Lets Talk Germs

Let’s talk germs

Have you ever noticed that you can see the tell-tale sign of a greasy trail as you swipe the touch screen of your cell phone?

People aware of it often mention that their phone is filthy ... but what you can see may be just the tip of the iceberg when it comes to the cleanliness of your phone. That greasy, oily residue may be home to 10 times the amount of disease-causing germs than you would find on a toilet seat.

Researchers from the London School of Hygiene & Tropical Medicine and Queen Mary, University of London sampled 390 cell phones and hands. After analyzing the samples, they found 92 percent of cell phones had bacterial on them, 82 percent of hands had bacteria and 16 percent of both had E. coli bacteria.

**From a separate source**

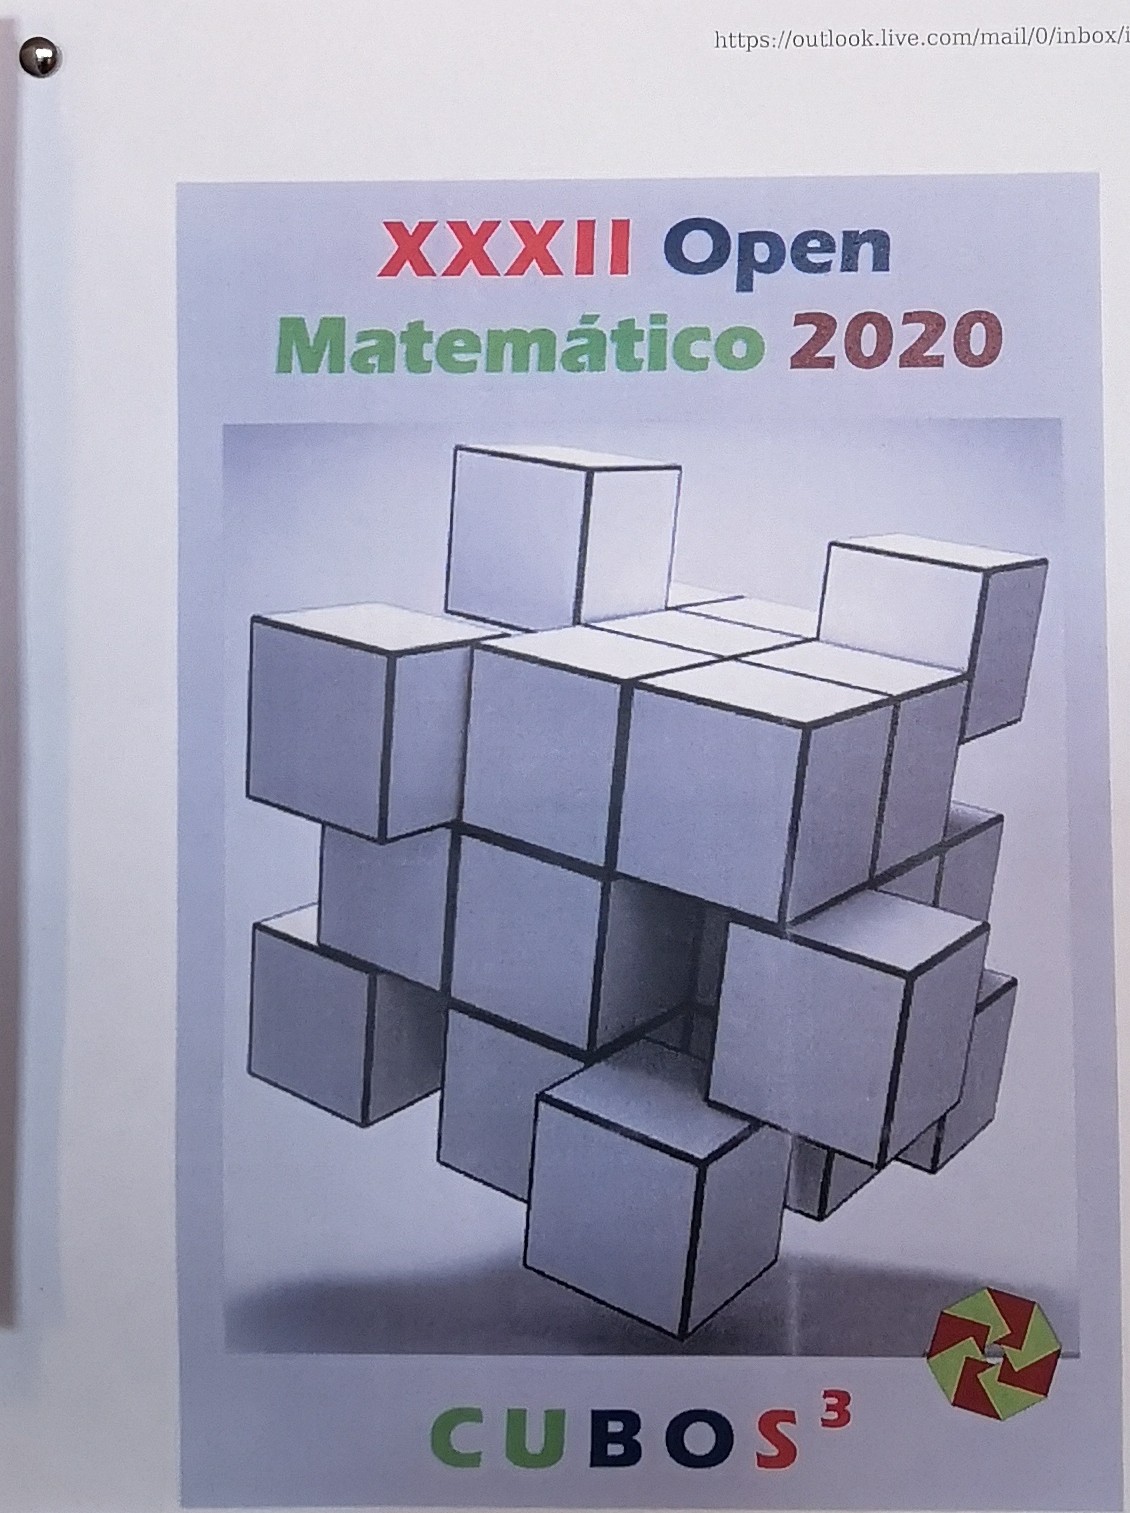 XXXII Open

Touch screens transfer microorganisms to the fingers easier than other surfaces. According to a study published in the Journal of Applied Microbiology, “About 20 to 30 percent of viruses on a glass surface similar to a smart-phone screen will transfer to your fingertips,” said study author Tim Julian, Ph.D.

From your fingertips, it is a short trip to the mouth, eyes and nose, which are the key access points for viruses and harmful bacteria to enter the body.

Many of us wash our hands diligently before cooking or eating and after using the bathroom, yet we seem to forget that our cell phones are veritable breeding grounds of germs and also need to be washed frequently and / or sanitized with an appropriate sanitizer that will kill the germs without harming the touch-screen surface.

Lab tests of phones have found staphylococci, e-coli and MRSA bacteria, flu viruses, pink-eye and 27- to 42-thousand times the amount of fecal-related bacteria that is allowed in one 1/2 cup of drinking water.

The presence of germs takes on even more importance in a health care setting. Tests of mobile phones belonging to hospitalized patients and their visitors have been found to contain multidrug-resistant viruses or bacteria.

This is not a surprise since people take their cell phones everywhere and will pass them to a total stranger to take a group picture.

Seven ways to reduce your risk

  • Wash your hands frequently, especially after using the bathroom. E. coli bacteria from fecal matter can survive on hands and surfaces for hours. Washing your hands will also help prevent mobile phone contamination of viral infections like the norovirus, rotavirus and the flu.
  • Wipe your phone down with a disinfectant once or twice a day. ALWAYS check with your phone’s manufacturer for the best cleaning product and method so you do not damage your cell phone screen. Some household cleaner manufacturers also offer a line of cleaners specifically for electronic devices.
  • Be careful where you place your phone. When your cell phone touches money in your purse, the table of a restaurant or the counter of at a department store, it picks up germs.
  • Don’t share your phone with others.
  • Don’t take your cell phone to the gym.
  • Don’t use your phone in the bathroom.
  • Use a bluetooth or other hands-free device to minimize keyboard-to-face-contact.